28.3.4 pay all costs incurred by Tuftmaster in enforcing or attempting to enforce the security interest created by these Terms and Conditions of Trade

28.3.5 be responsible for the full costs incurred by Tuftmaster (including actual legal fees and disbursements on a solicitor and client basis) in obtaining an order pursuant to section 182 of the PPSA; and

28.3.6 the Buyer waives any rights it may have under sections 115 of the PPSA upon enforcement.

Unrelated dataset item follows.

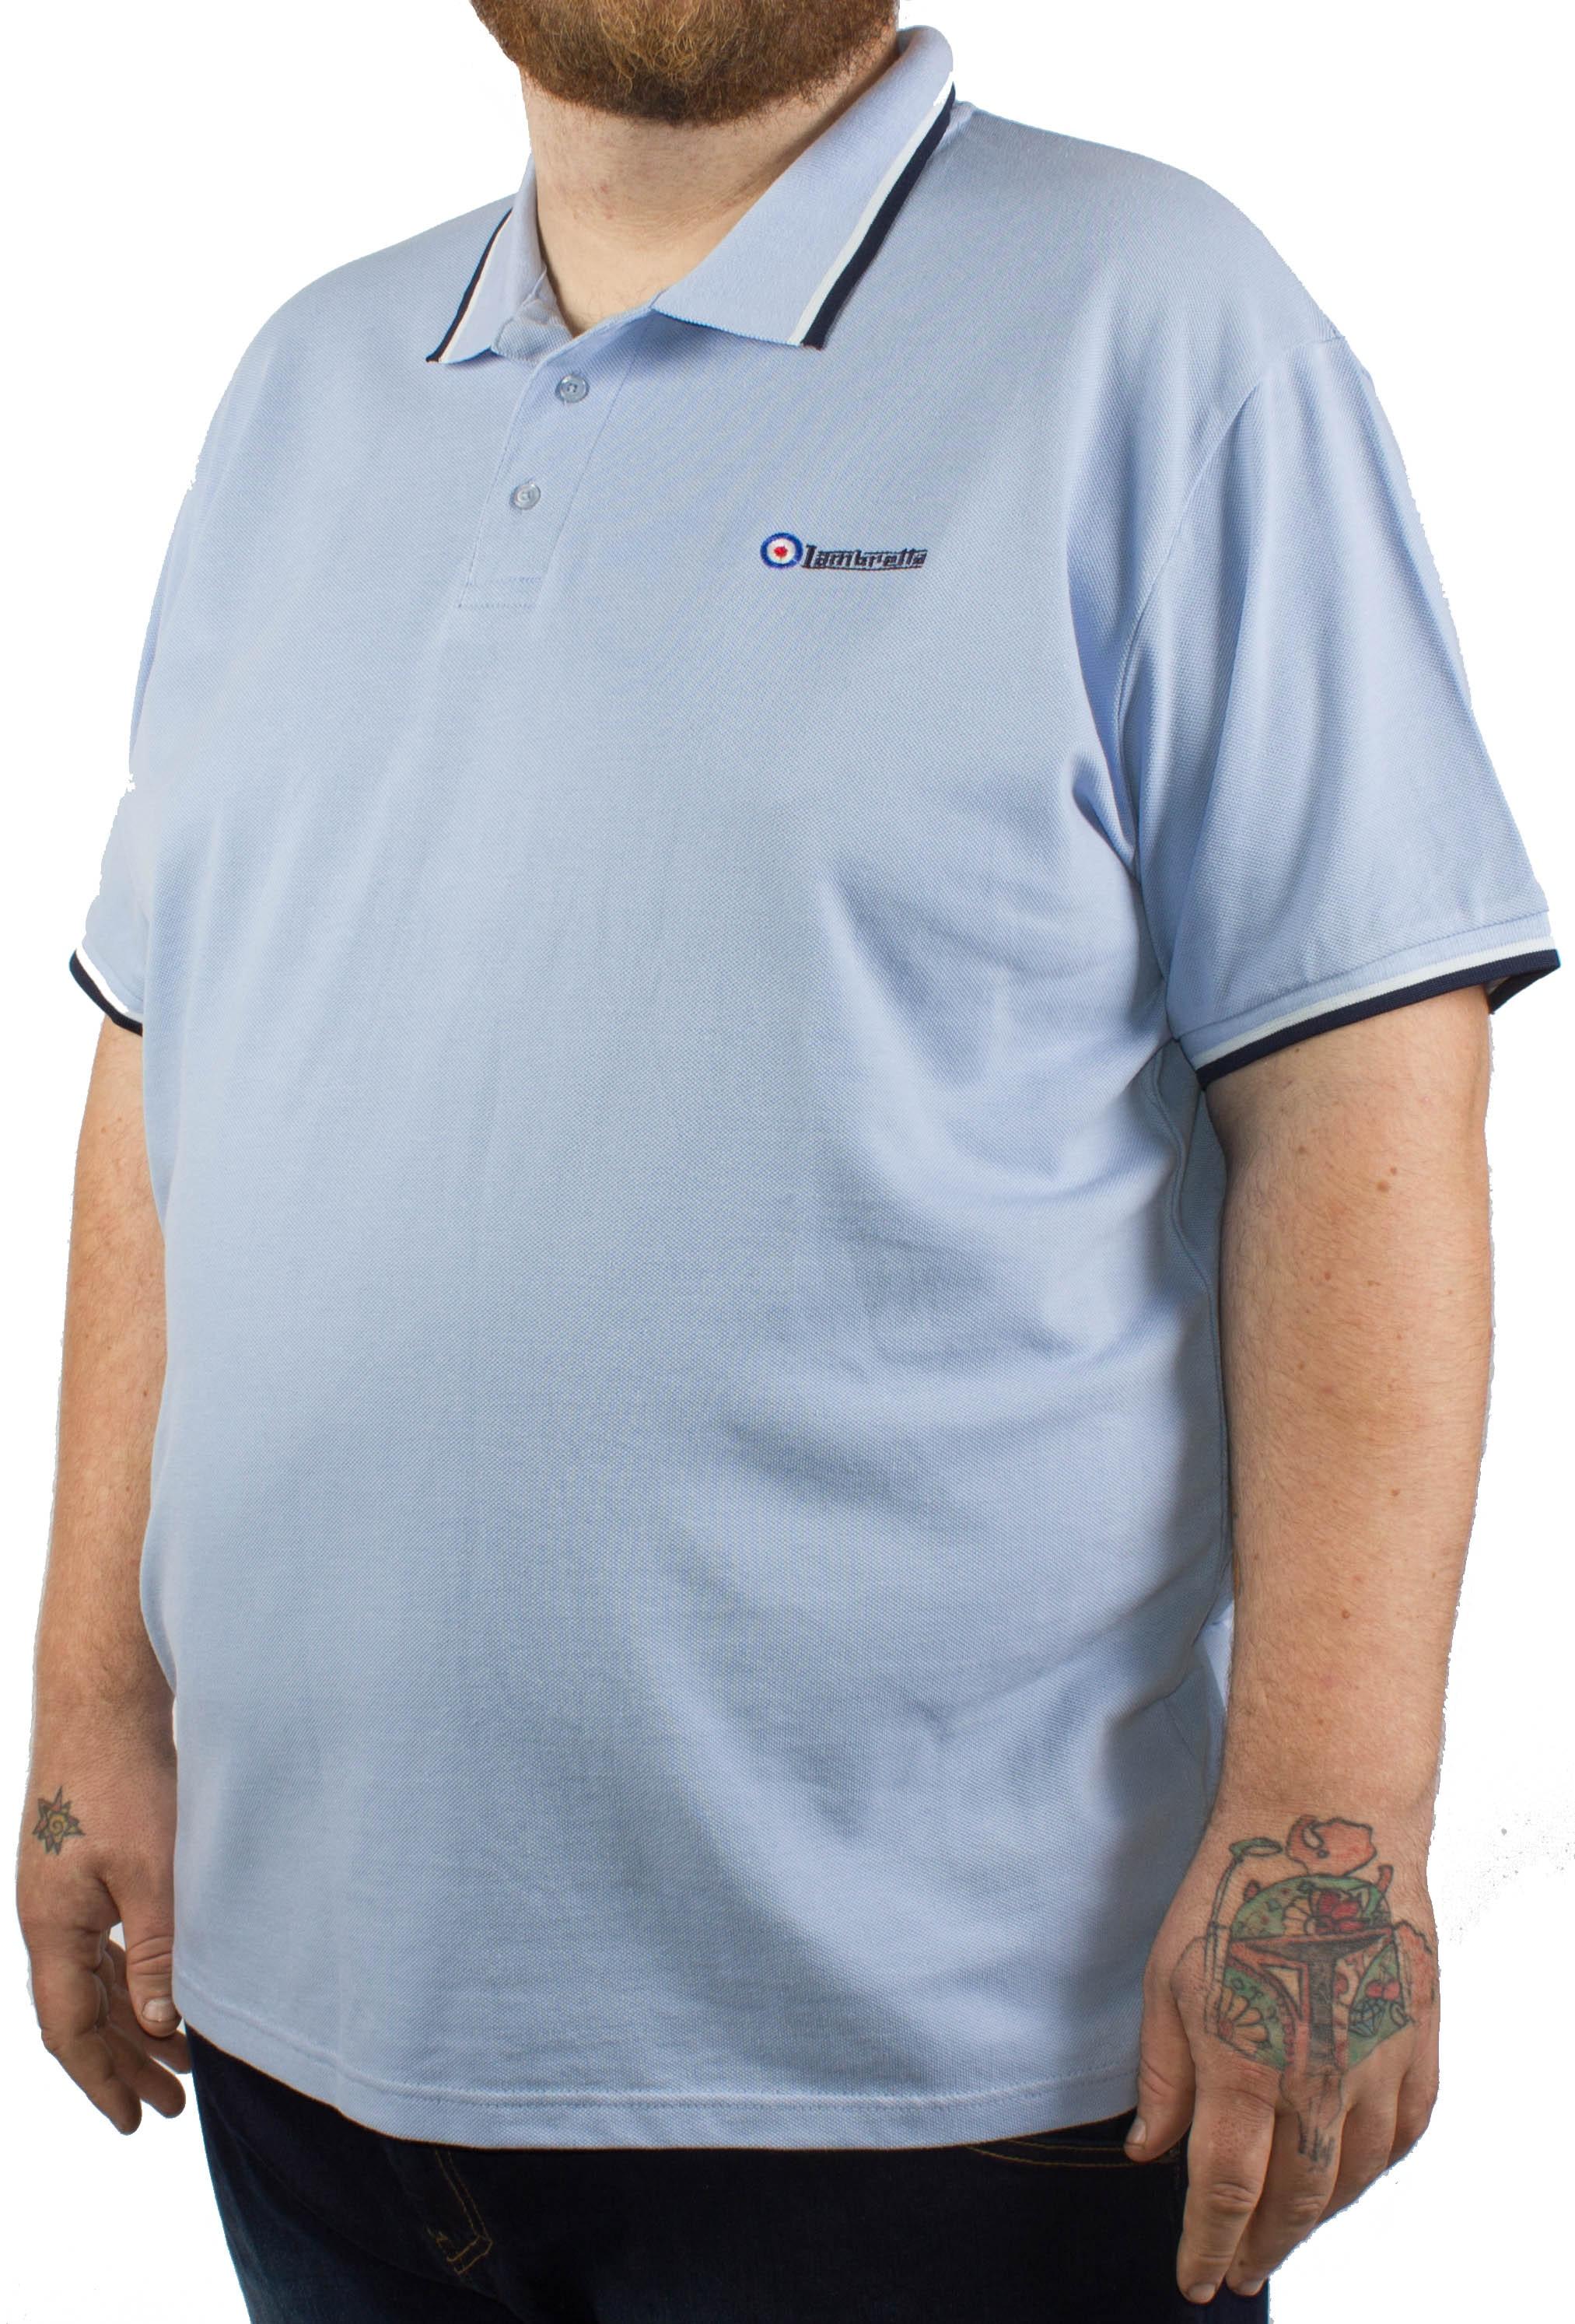 Lambretta PK Polo Shirt Sky Blue

28.4 Pursuant to section 157 of the PPSA, unless otherwise agreed to in writing by Tuftmaster, the Buyer waives the right to receive the verification statement in respect of any financing statement or financing change statement relating to the security interest.

28.5 The Buyer agrees that immediately on request by Tuftmaster the Buyer will procure from any persons considered by Tuftmaster to be relevant to its security position such agreement and waivers as Tuftmaster may at any time require.